Was ein Versicherer zu Ihren Vorerkrankungen sagt, können Sie erfahren, bevor er Ihren Namen kennt. Bei der anonymen Risikovoranfrage gehen Ihre Gesundheitsangaben ohne Name und Kontaktdaten an eine oder mehrere Gesellschaften. Die Antwort ist eine Einschätzung: Annahme zum normalen Beitrag, Annahme mit Risikozuschlag oder Leistungsausschluss, Zurückstellung oder Ablehnung. Zuschlag und Ausschluss nennt § 203 Abs. 1 VVG ausdrücklich als Möglichkeiten bei erhöhtem Risiko.
Die SIGNAL IDUNA beschreibt ihren Vorab-Check als unverbindlich, er verpflichte nicht zum Vertragsabschluss. Solche Checks würden zum Teil auch anonym angeboten. Nach derselben Quelle fragen die Gesellschaften unterschiedlich weit in die Krankengeschichte zurück, die Antworten können also verschieden ausfallen.
Warum ohne Namen
Antragsformulare fragen auch nach früheren Anträgen. Die Bayerische Beamtenkrankenkasse will wissen, ob in den letzten fünf Jahren ein Antrag oder Vertrag bei einem anderen privaten Krankenversicherer abgelehnt oder beendet wurde. Die INTER fragt für denselben Zeitraum nach Anträgen, die abgelehnt, zurückgestellt oder nur zu erschwerten Bedingungen angenommen wurden. Eine anonyme Voranfrage kann die Gesellschaft Ihnen dagegen nicht zuordnen.
Mit dem Hinweis- und Informationssystem der Versicherungswirtschaft (HIS) hat das nichts zu tun. Private Krankenversicherer sind daran nach Angaben des Landesdatenschutzbeauftragten Niedersachsen nicht angeschlossen.
Was im Antrag trotzdem gilt
Bis zur Abgabe Ihrer Vertragserklärung müssen Sie die Ihnen bekannten erheblichen Gefahrumstände anzeigen, nach denen der Versicherer in Textform fragt. Fragt er danach noch vor der Annahme, gilt das auch dafür (§ 19 Abs. 1 VVG). Die Voranfrage nimmt Ihnen das nicht ab.
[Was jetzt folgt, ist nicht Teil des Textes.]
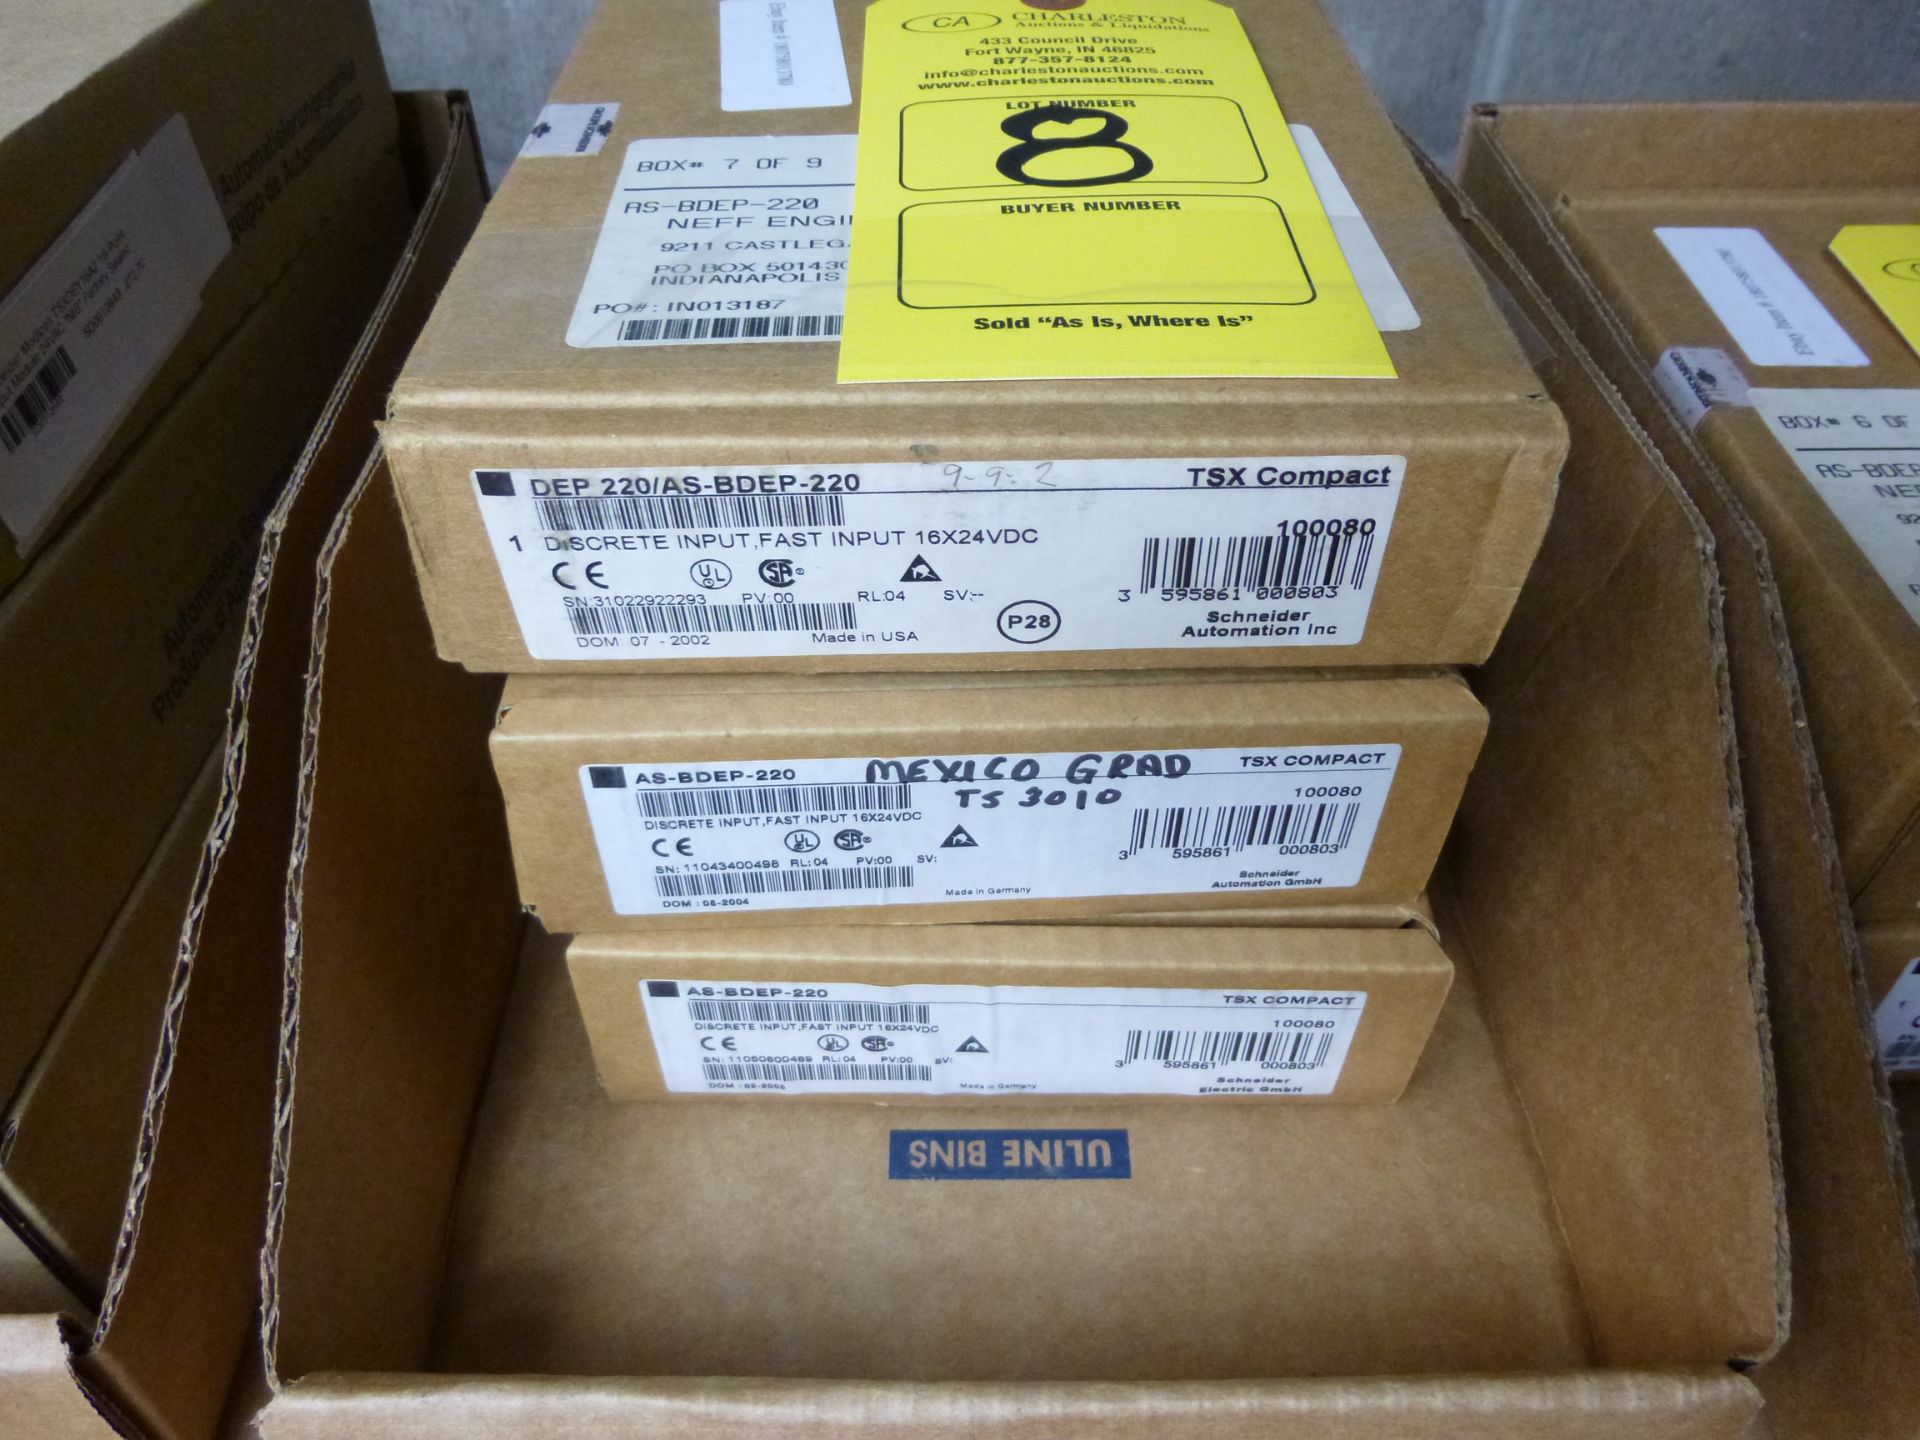 (Qty 3) Schneider Modicon DEP220/AS-BDEP-220 (new in box) Shipping can be prepared for either ground
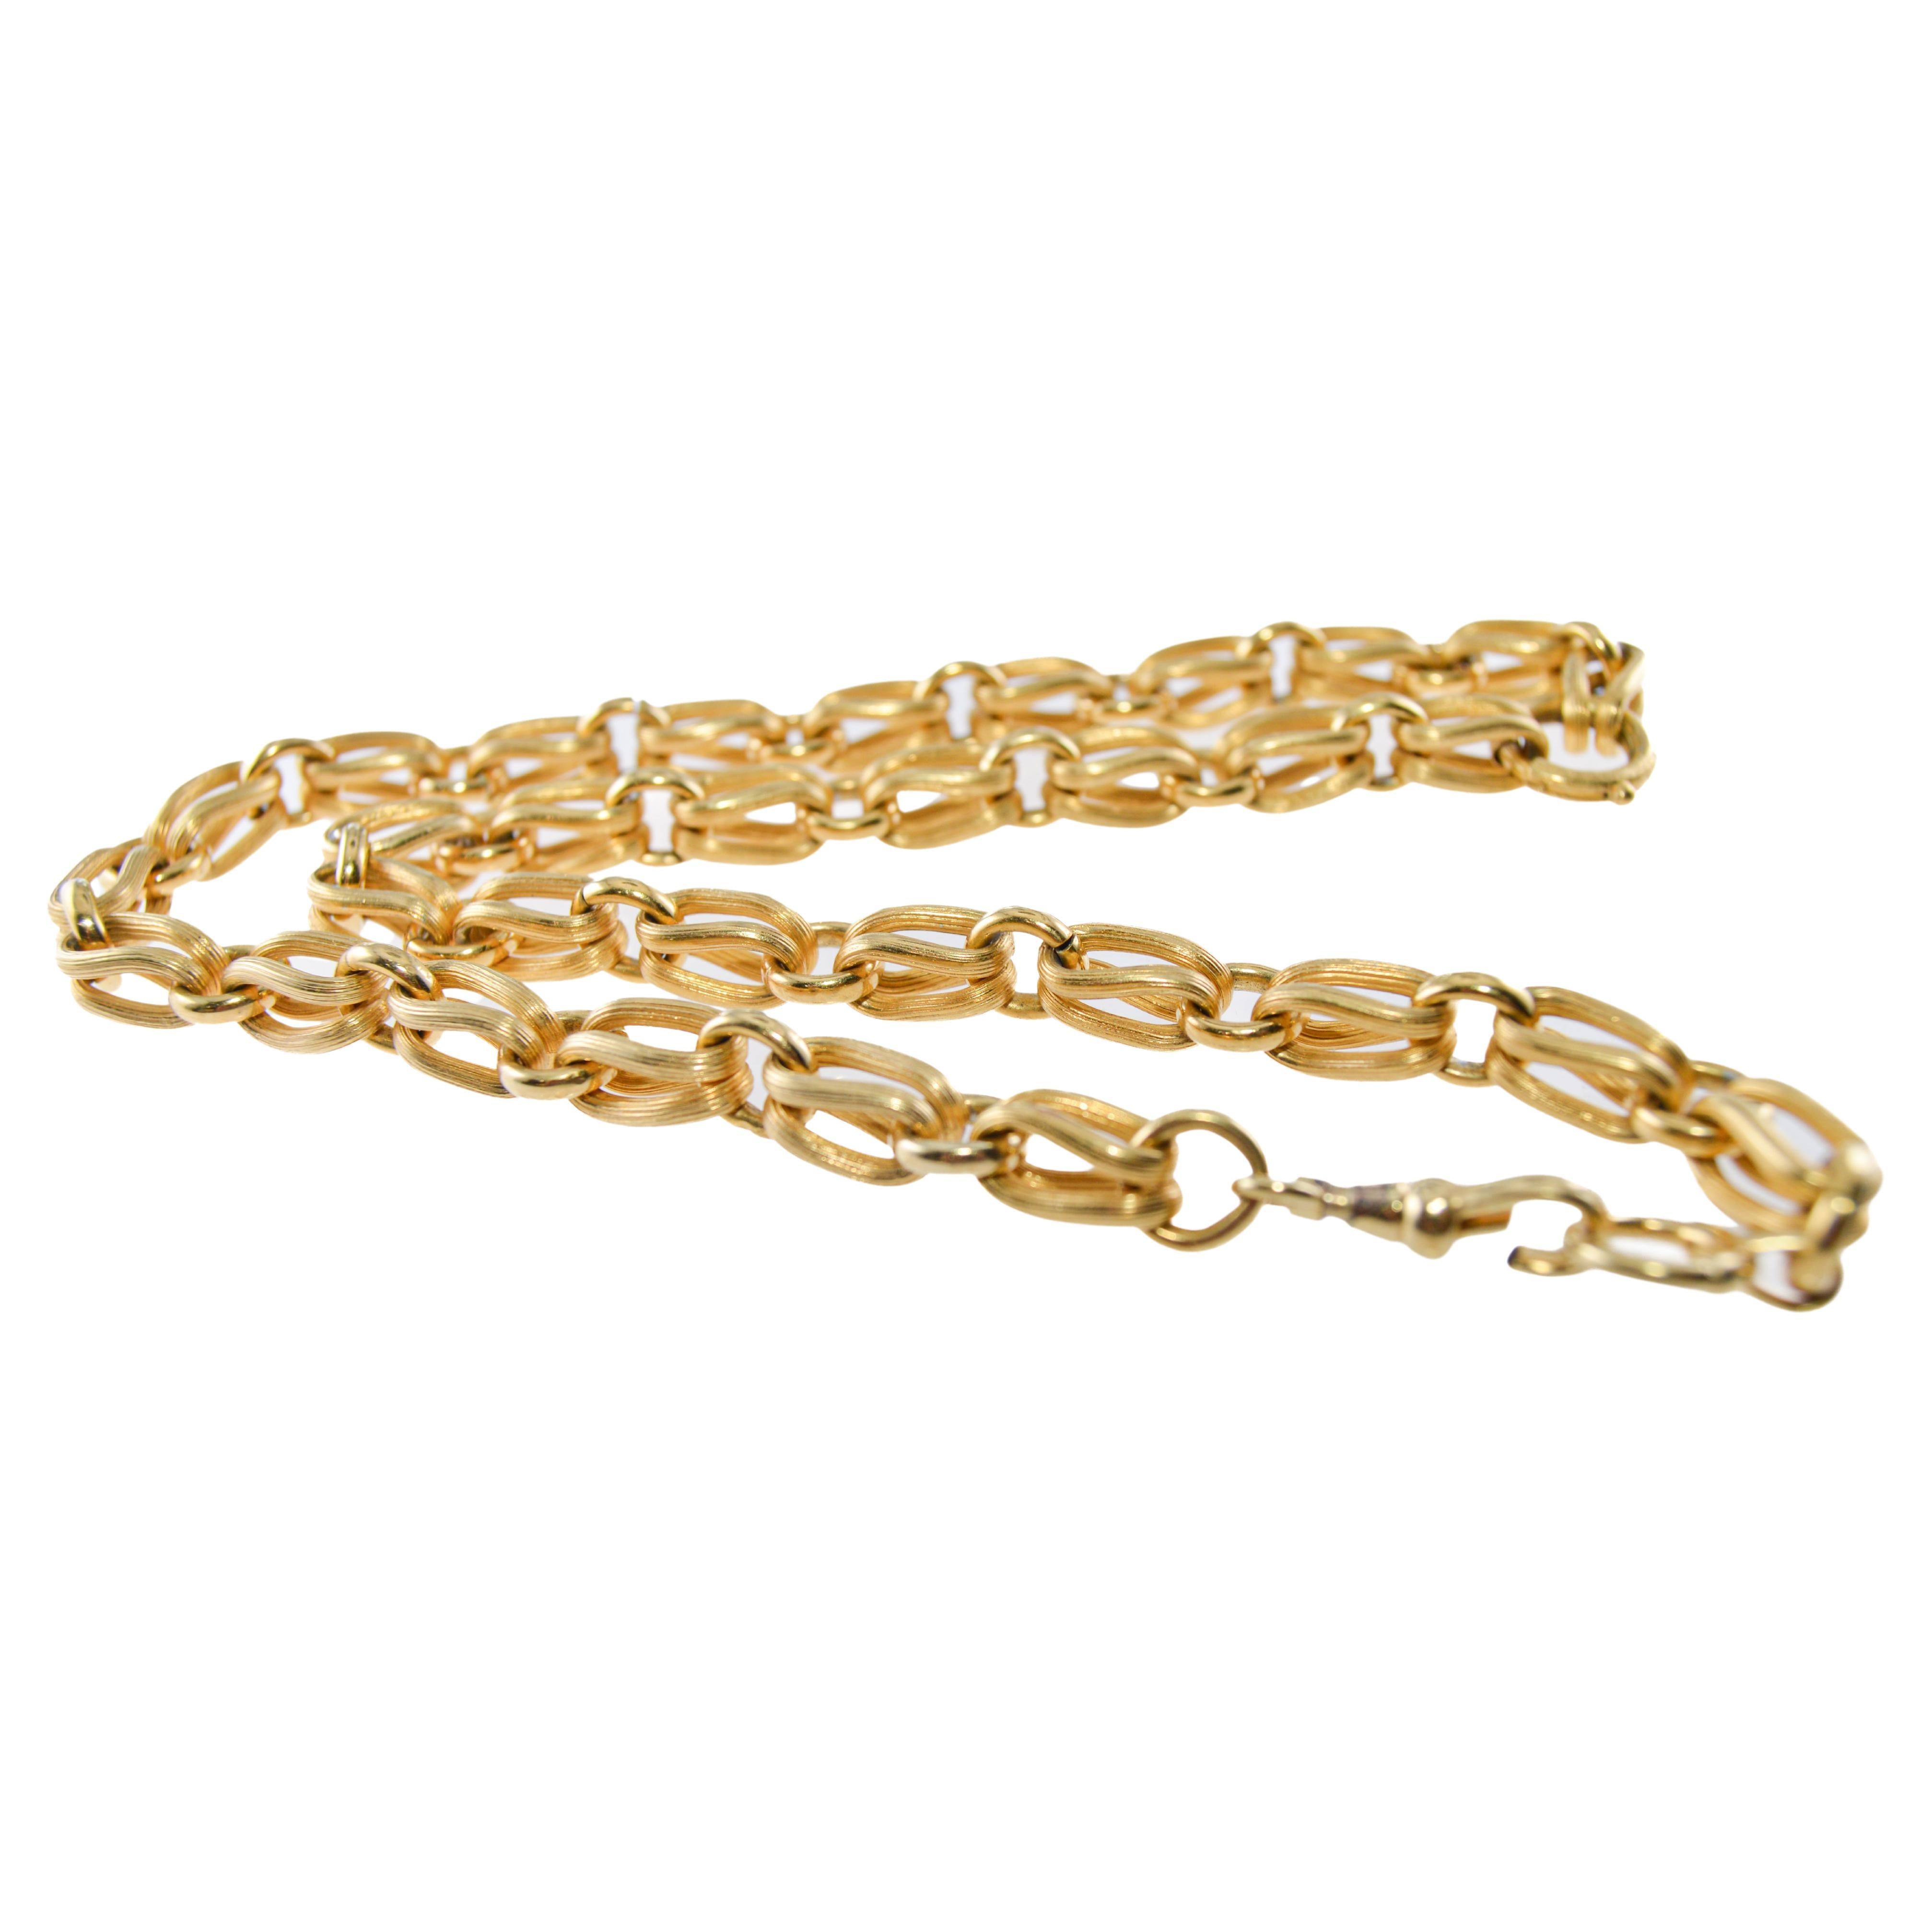 21 inch gold necklace

Verletzen Sie die Anzeigepflicht, kann der Versicherer je nach Verschulden zurücktreten oder andere Bedingungen rückwirkend zum Vertragsinhalt machen (§ 19 Abs. 2 bis 4 VVG). Eine Krankheitskostenversicherung, die die gesetzliche Versicherungspflicht erfüllt, darf er allerdings nicht kündigen (§ 206 Abs. 1 VVG). In der Krankenversicherung erlöschen diese Rechte grundsätzlich drei Jahre nach Vertragsschluss, bei Vorsatz oder Arglist nach zehn Jahren (§ 21 Abs. 3, § 194 Abs. 1 VVG).
Über einen Makler lässt sich die Voranfrage ohne Namen bei mehreren Gesellschaften stellen, sodass die Antworten nebeneinander liegen. Der Antrag folgt erst danach, bei der Gesellschaft, deren Einschätzung am besten passt.